## Intermediate Data Science

#### University of Redlands - DATA 201
#### Prof: Joanna Bieri [joanna_bieri@redlands.edu](mailto:joanna_bieri@redlands.edu)
#### [Class Website: data201.joannabieri.com](https://joannabieri.com/data201_intermediate.html)

## Computer Set Up

In [7]:
!conda --version

conda 25.7.0


In [8]:
!git --version

git version 2.45.2


**Clone the Repo for our Class**

<a href="https://github.com/Redlands-DATA201/FALL25" target="_blank">Redlands-DATA201/FALL2025</a>

In [9]:
# # Depending on your setup you might need to install modules
# !conda install -y numpy
# !conda install -y pandas
# !conda install -y matplotlib
# !conda install -y plotly

In [10]:
# Some basic package imports
import numpy as np
import pandas as pd

import matplotlib.pyplot as plt
import plotly.express as px
from plotly.subplots import make_subplots
import plotly.io as pio
pio.renderers.defaule = 'colab'

# Review of DATA 101

For our review we are going to jump in and do some Exploratory Data Analysis (EDA) on a data set that we have seen before.

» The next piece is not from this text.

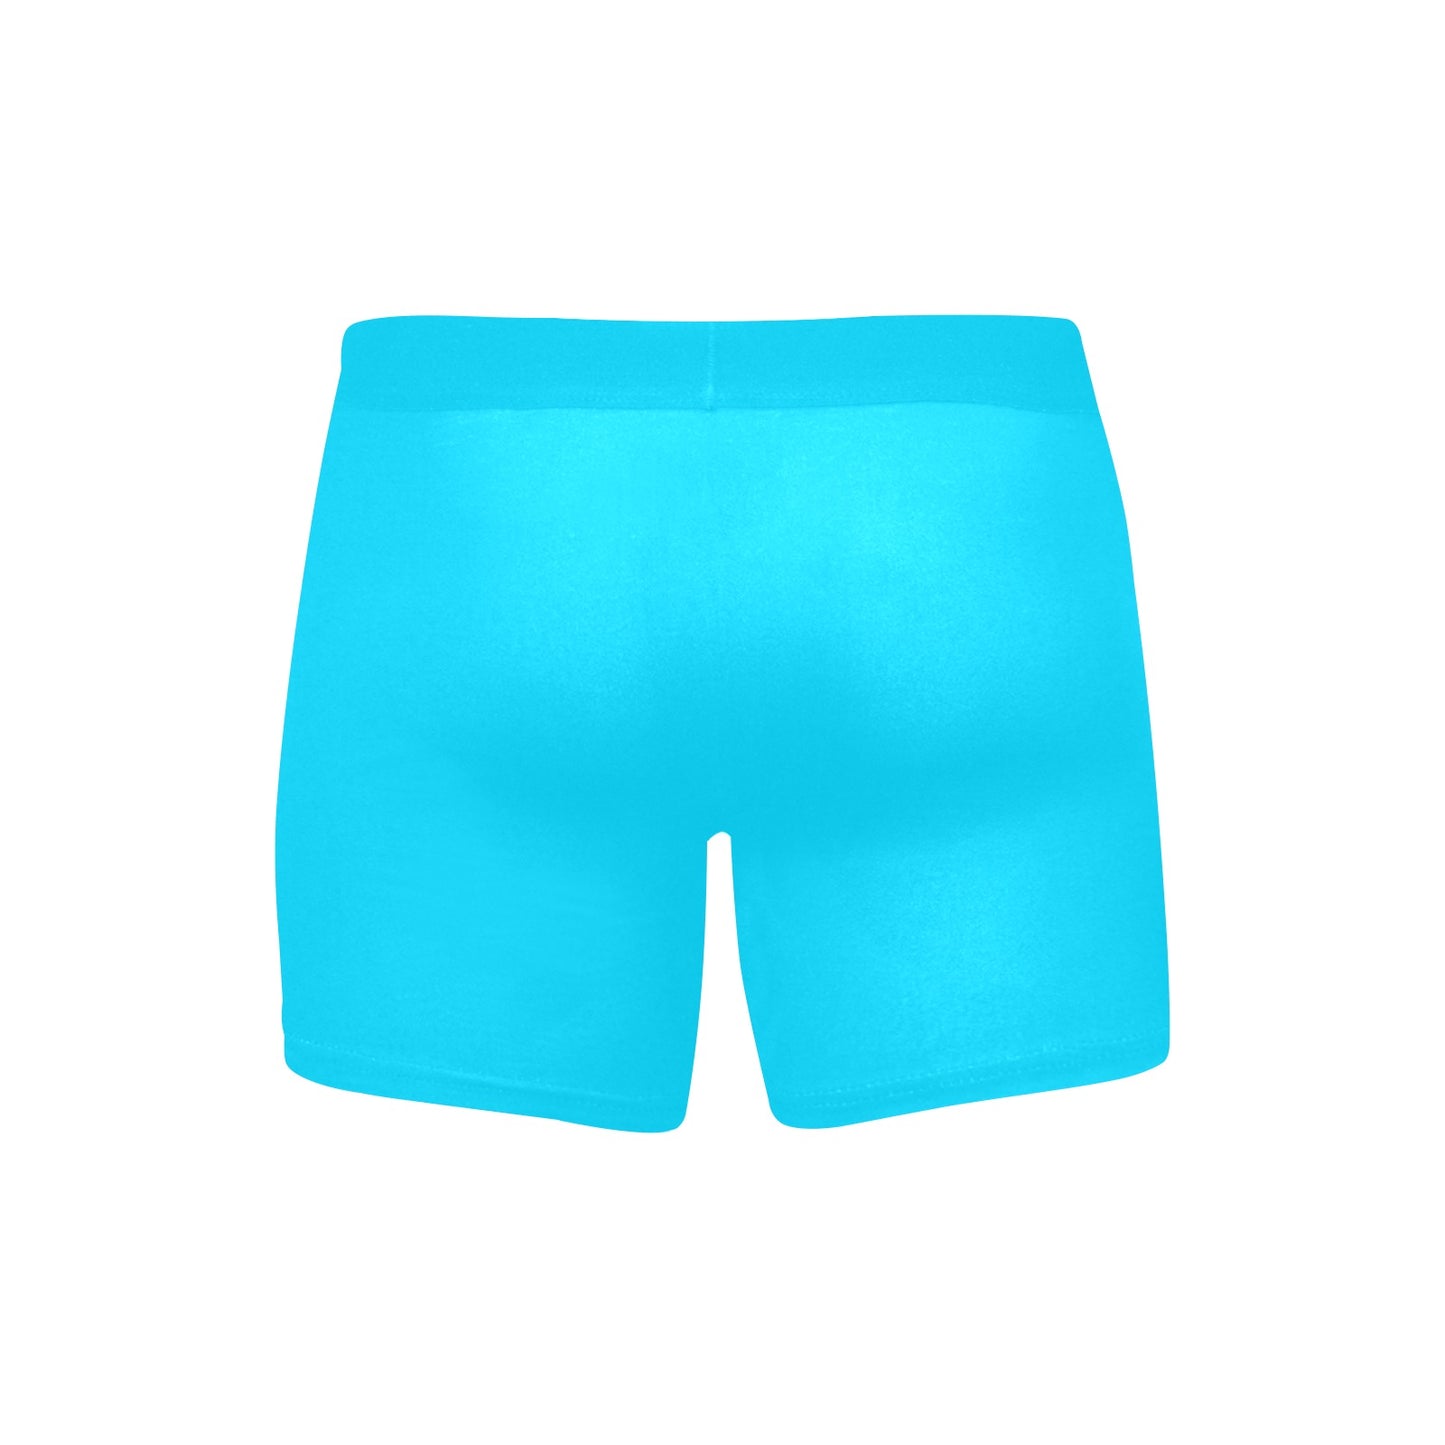 Sixty Eight 93 Logo White Aqua Blue Boxer Briefs with Inner Pocket
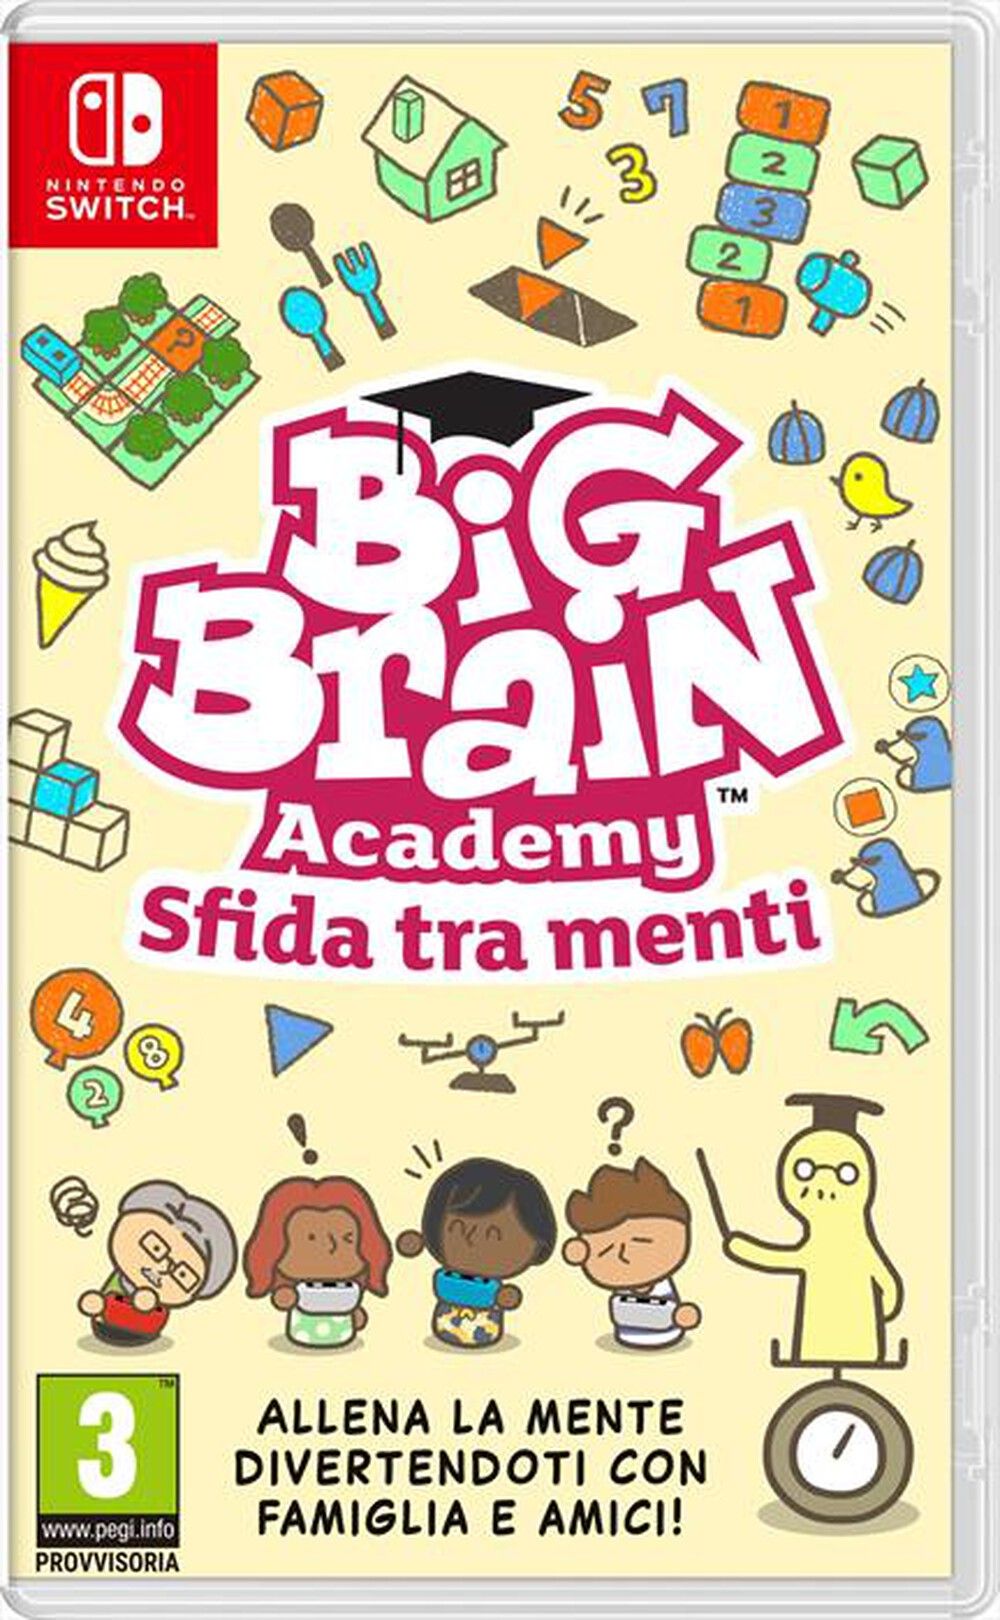 Nintendo Big Brain Acad.brain

This time you are just given a .csv file and your goal is to analyze it - answering these questions.

**I expect this to feel impossible at first!!!** but if you all work together, share code, and look things up as needed, I know you can do it!

#### This was a Homework Assignment in Data 101 - but see how much you can figure out on your own!

* Answer the following questions using reproducible Python code.
    - What does it mean to be reproducible? This means someone else at any time in the future can run and understand your code almost like reading a blog post.
* For each question, state your answer in a sentence, e.g. "In this sample, the first three common names of purchasers are ...".
* Note that the answers to all questions are within the context of this particular sample of sales, i.e. you shouldn't make inferences about the population of all Lego sales based on this sample.

0.  Read in the .csv file using Pandas and display it

1.  Describe what you see in the data set (variables, observations, etc)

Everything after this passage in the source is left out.